TAG_VERSION=$2 # e.g., "v1.0.2"
# 1. Learn Config utilizing jq
CONFIG=$(cat .github/config/config.json | jq -r --arg env "$ENV_FLAVOR" '.[$env]')
RG_NAME=$(echo $CONFIG | jq -r '.resourceGroup')
SUB_ID=$(echo $CONFIG | jq -r '.subscriptionId')
# 2. Login to Azure
az account set --subscription $SUB_ID
# 3. Obtain the Immutable Artifact from GitHub Releases
wget https://github.com/my-org/my-repo/releases/obtain/$TAG_VERSION/build-artifact.zip
# 4. Iterate by means of outlined sources and deploy
echo $CONFIG | jq -c '.sources[]' | whereas learn useful resource; do
TYPE=$(echo $useful resource | jq -r '.kind')
NAME=$(echo $useful resource | jq -r '.identify')
if [ "$TYPE" == "function" ]; then
echo "Deploying $TAG_VERSION to Azure Perform: $NAME..."
az functionapp deployment supply config-zip
--resource-group $RG_NAME
--name $NAME
--src build-artifact.zip
fi
finished
3. The GitHub Actions Workflow
Lastly, we tie it along with a Workflow that requires handbook approval for Manufacturing environments.

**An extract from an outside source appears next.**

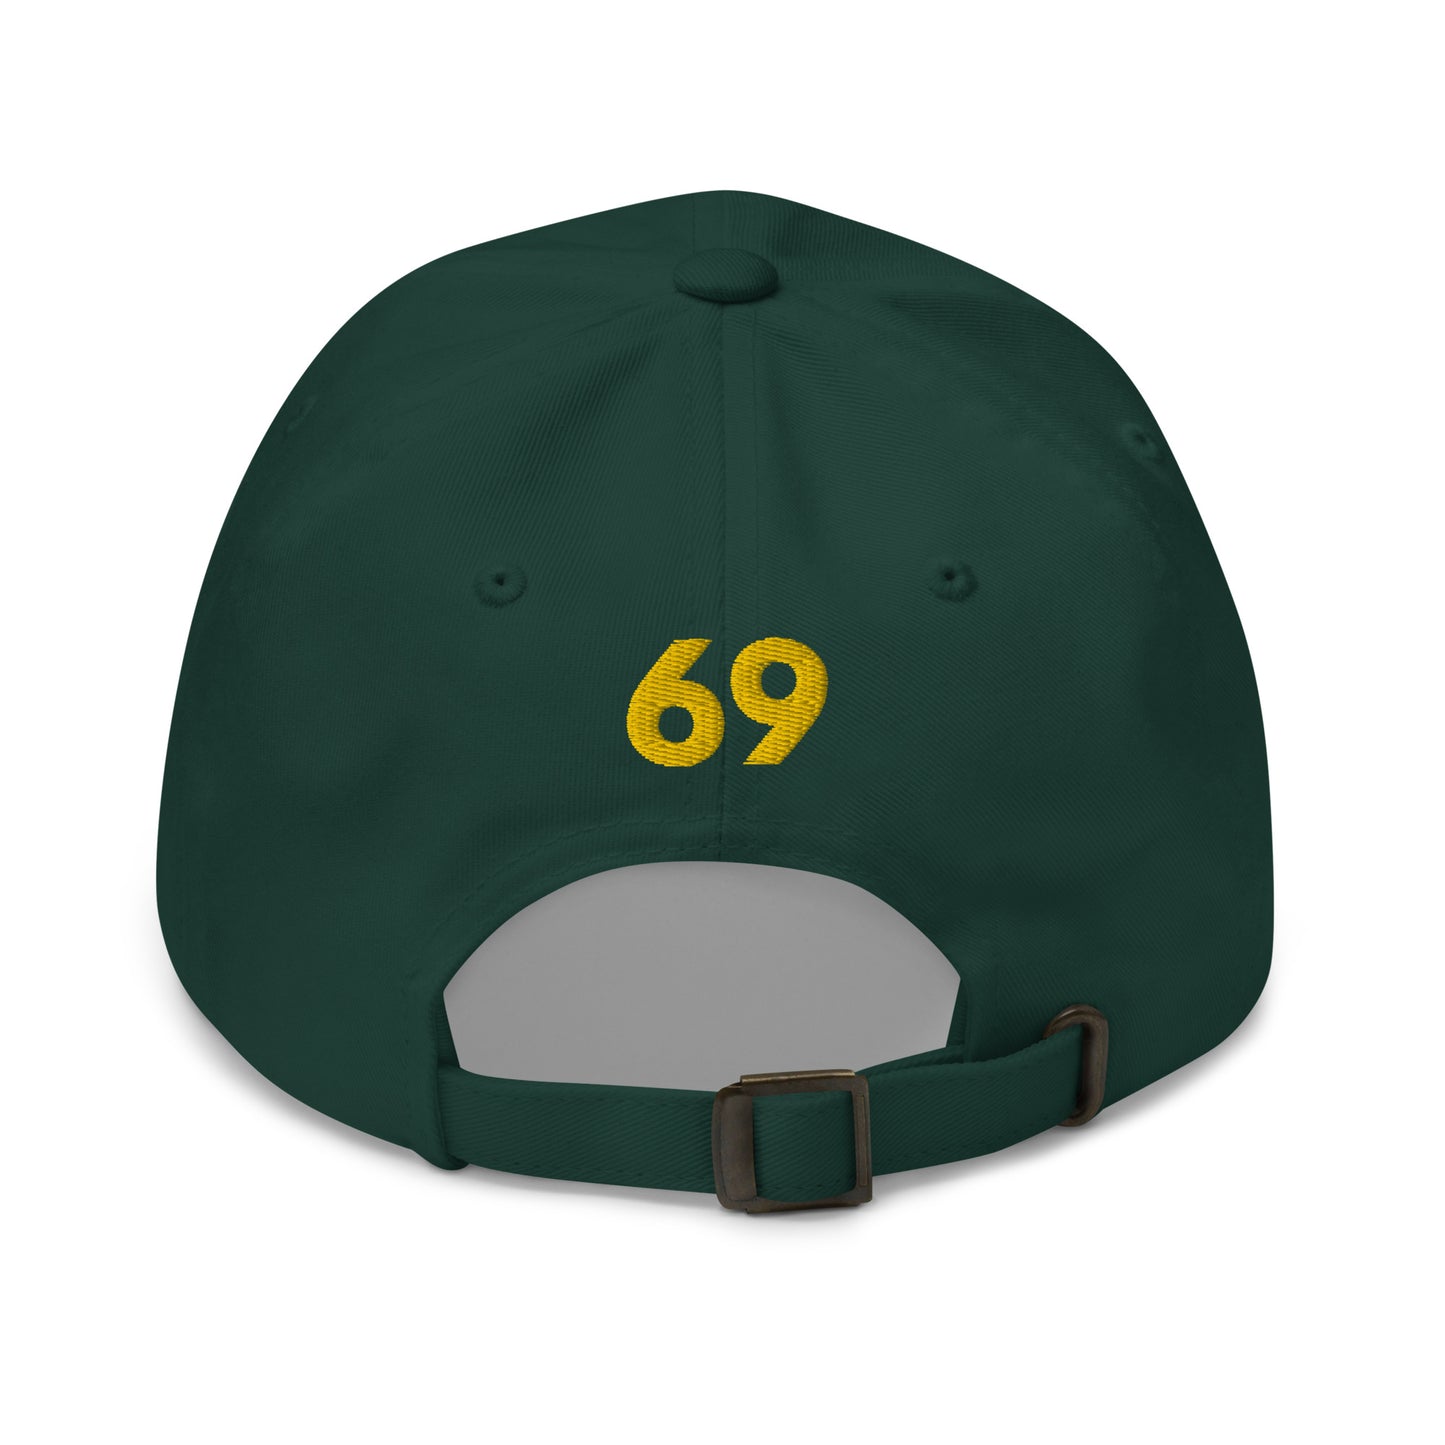 Titties Masters Edition Baseball Hat(Limited Quantities)

File: .github/workflows/deploy.yaml
identify: Deploy to Azure
on:
launch:
varieties: [published]
workflow_dispatch:
inputs:
surroundings:
description: 'Goal Atmosphere'
required: true
default: 'dev'
kind: selection
choices:
- dev
- prod
jobs:
deploy:
runs-on: ubuntu-latest
surroundings: ${{ github.occasion.inputs.surroundings }} # Makes use of GitHub Environments for approvals
steps:
- identify: Checkout Code
makes use of: actions/checkout@v3
- identify: Azure Login
makes use of: azure/login@v1
with:
creds: ${{ secrets and techniques.AZURE_CREDENTIALS }}
- identify: Run Deployment Operator
run: |
chmod +x scripts/deploy.sh
     ./scripts/deploy.sh ${{ github.occasion.inputs.surroundings }} ${{ github.occasion.launch.tag_name }}
The Structure Visualized
This method separates the lifecycle of the code from the lifecycle of the surroundings.

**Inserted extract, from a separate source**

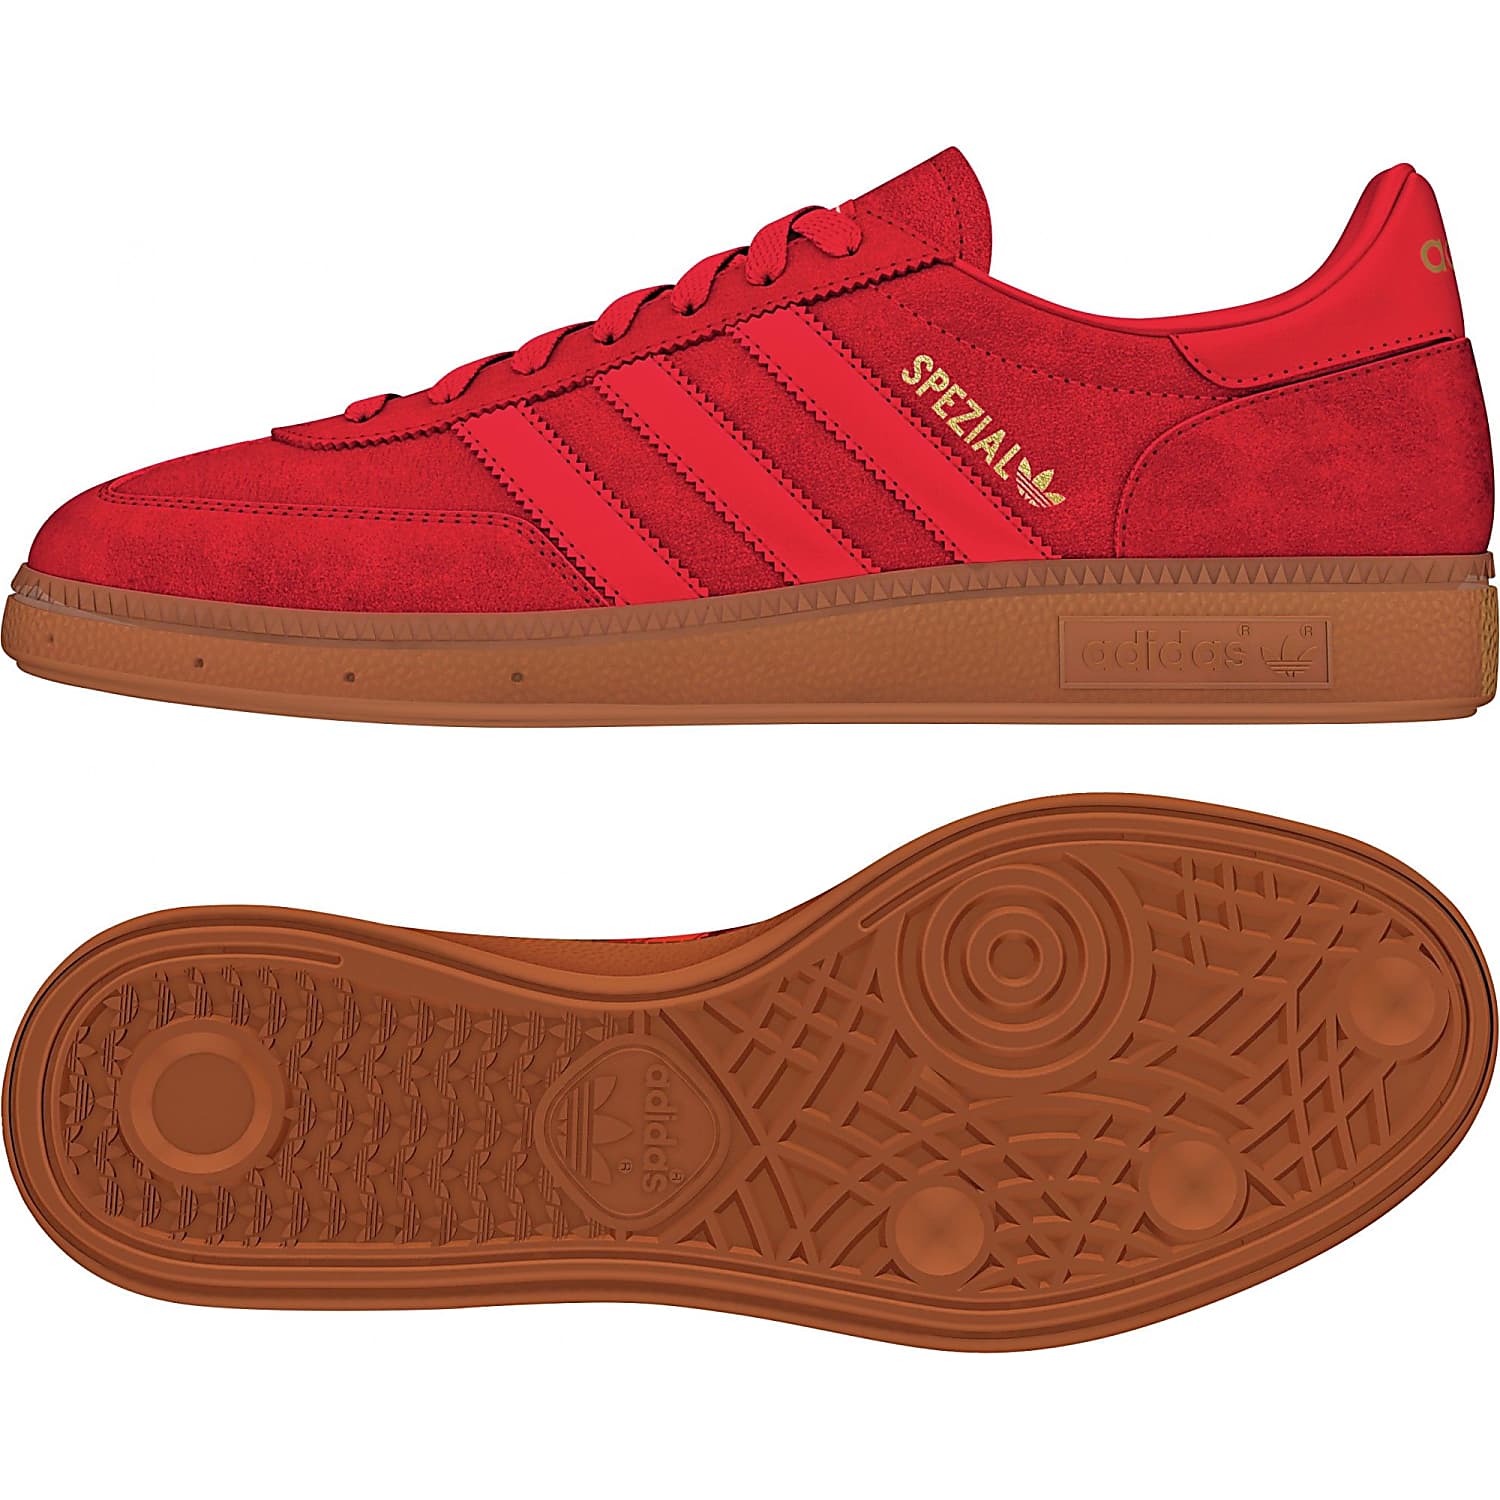 adidas SPEZIAL, Red - Red - Gum - Free Shipping starts at 60£ -  www.exxpozed.eu

Why This Sample Works (The Outcomes)
Within the Fujitsu case research, adopting this sample solved three essential points:
- Prompt rollbacks: As a result of artifacts are saved in GitHub Releases, “rolling again” is simply re-running the deployment job with the earlier Model Tag (e.g., v1.0.1 as a substitute of v1.0.2). No rebuilding vital.
- Useful resource isolation: The config.json permits granular management. You’ll be able to outline particular permissions or exclusion guidelines (e.g., ignore: [“iam”]) for Dev environments to forestall unintended permission overwrites.
- Eliminating “VM Lock”: Beforehand, deployments required unique entry to VMs, blocking different builders. By shifting to Azure Features and asynchronous Actions, the pipeline turned non-blocking.
Conclusion
Instruments like Terraform and Bicep are glorious for Infrastructure as Code (creating the sources). Nonetheless, for Deployment as Code (shifting the bits to the sources), a light-weight, configuration-driven method utilizing GitHub Actions and JSON maps gives the pliability wanted for high-velocity groups.
By decoupling the “What” (the construct artifact) from the “The place” (the surroundings config), you flip a fragile handbook launch course of into a sturdy, repeatable engine.